BRINGING PRODUCTS TO MARKET MADE SIMPLE

BHR Global Associates, Inc. is dedicated to helping companies bring their products to market successfully. We can help with finalization your design, to helping find the right source at the right price, help you maintain a solid on going supply chain and help you sell the product through our team of sales professionals. Our blog will supply information and details on successes, failures, and road blocks to avoid in bringing products to their full potential.

Sunday, July 22, 2012

Small U.S. Manufacturers Give Up on 'Made in China'

When Sonja Zozula and Jerry Anderson founded LightSaver Technologies in 2009, everyone told them they should make their emergency lights for homeowners in China. After two years of outsourcing to factories there, last winter they shifted production to Carlsbad, Calif., about 30 miles from their home in San Clemente. “It’s probably 30 percent cheaper to manufacture in China,” Anderson says. “But factor in shipping and all the other B.S. that you have to endure. It’s a question of, ‘How do I value my time at three in the morning when I have to talk to China?’ ”
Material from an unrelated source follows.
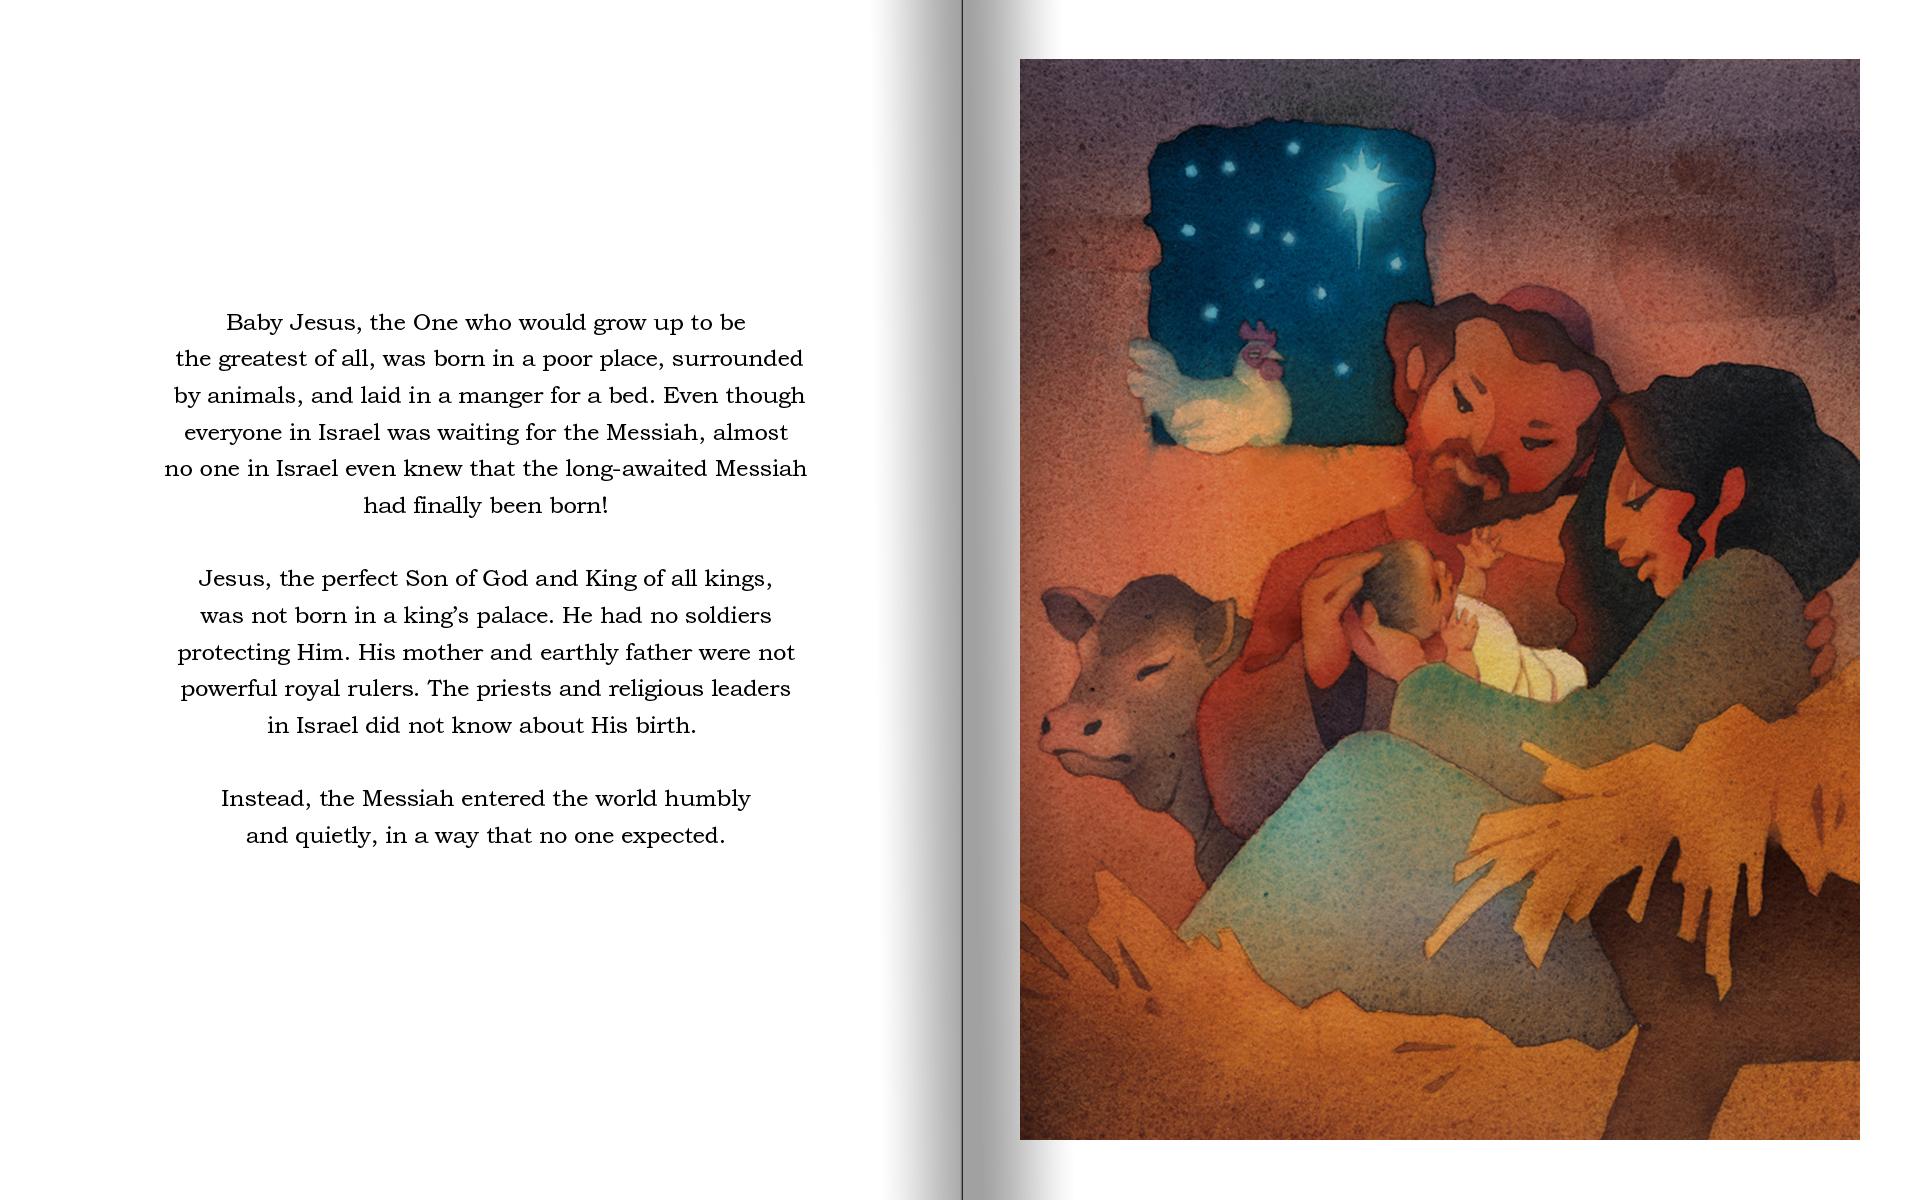 Birth of Jesus storybook

As costs in China rise and owners look closely at the hassles of using factories 12,000 miles and 12 time zones away, many small companies have decided manufacturing overseas isn’t worth the trouble. American production is “increasingly competitive,” says Harry Moser, founder of the Reshoring Initiative, a group of companies and trade associations trying to bring factory jobs back to the U.S. “In the last two years there’s been a dramatic increase” in the amount of work returning.
LightSaver executives no longer spend hours on the phone with ChinaPhotograph by Michael Schmelling for Bloomberg BusinessweekLightSaver executives no longer spend hours on the phone with China
An April poll of 259 U.S. contract manufacturers—which make goods for other companies—showed 40 percent of respondents benefited this year from work previously done abroad. And nearly 80 percent were optimistic about 2012 sales and profits, according to the survey by MFG.com, a website that helps companies find manufacturers. “A decade ago you just went to China. You didn’t even look locally,” says Ted Fogliani, chief executive officer of Outsource Manufacturing, the San Diego company working with LightSaver. “Now people are trying to come back. Everyone knows they’re miserable.”
For LightSaver, the decision was simple. Neither of the founders has ever been to China, which made communicating with manufacturers difficult. Components that were shipped from the U.S. sometimes got stuck in customs for weeks. And Anderson had to spend hours on the phone to explain tweaks in the product. “If we have an issue in manufacturing, in America we can walk down to the plant floor,” Anderson says. “We can’t do that in China.” Anderson says manufacturing in the U.S. is probably 2 percent to 5 percent cheaper once he takes into account the time and trouble of outsourcing production overseas.
Dana Olson makes a living convincing small manufacturers that it pays to produce domestically. About 10 percent of the roughly 60 companies that his Minneapolis firm, Ecodev, has worked with have moved manufacturing to the U.S. or decided not to send it overseas, and another half-dozen are considering similar moves. “There’s a growing sense, with the economy doing what it’s doing, of U.S. companies wanting to produce in the United States,” says Olson. “It’s very important to them to have ‘Made in the U.S.A.’ on their label again.”
Since 2008, Ultra Green Packaging, one of Olson’s clients, has used manufacturers in China to make compostable plates and containers from wheat straw and other organic materials. By yearend, Ultra Green expects to start producing the bulk of its wares at a plant in North Dakota to cut freight costs and protect its intellectual property. “They’re infamous over there for knocking [products] off,” says Phil Levin, chairman of the 10-employee company. “All anybody needs to do is find a different factory and make a mold.”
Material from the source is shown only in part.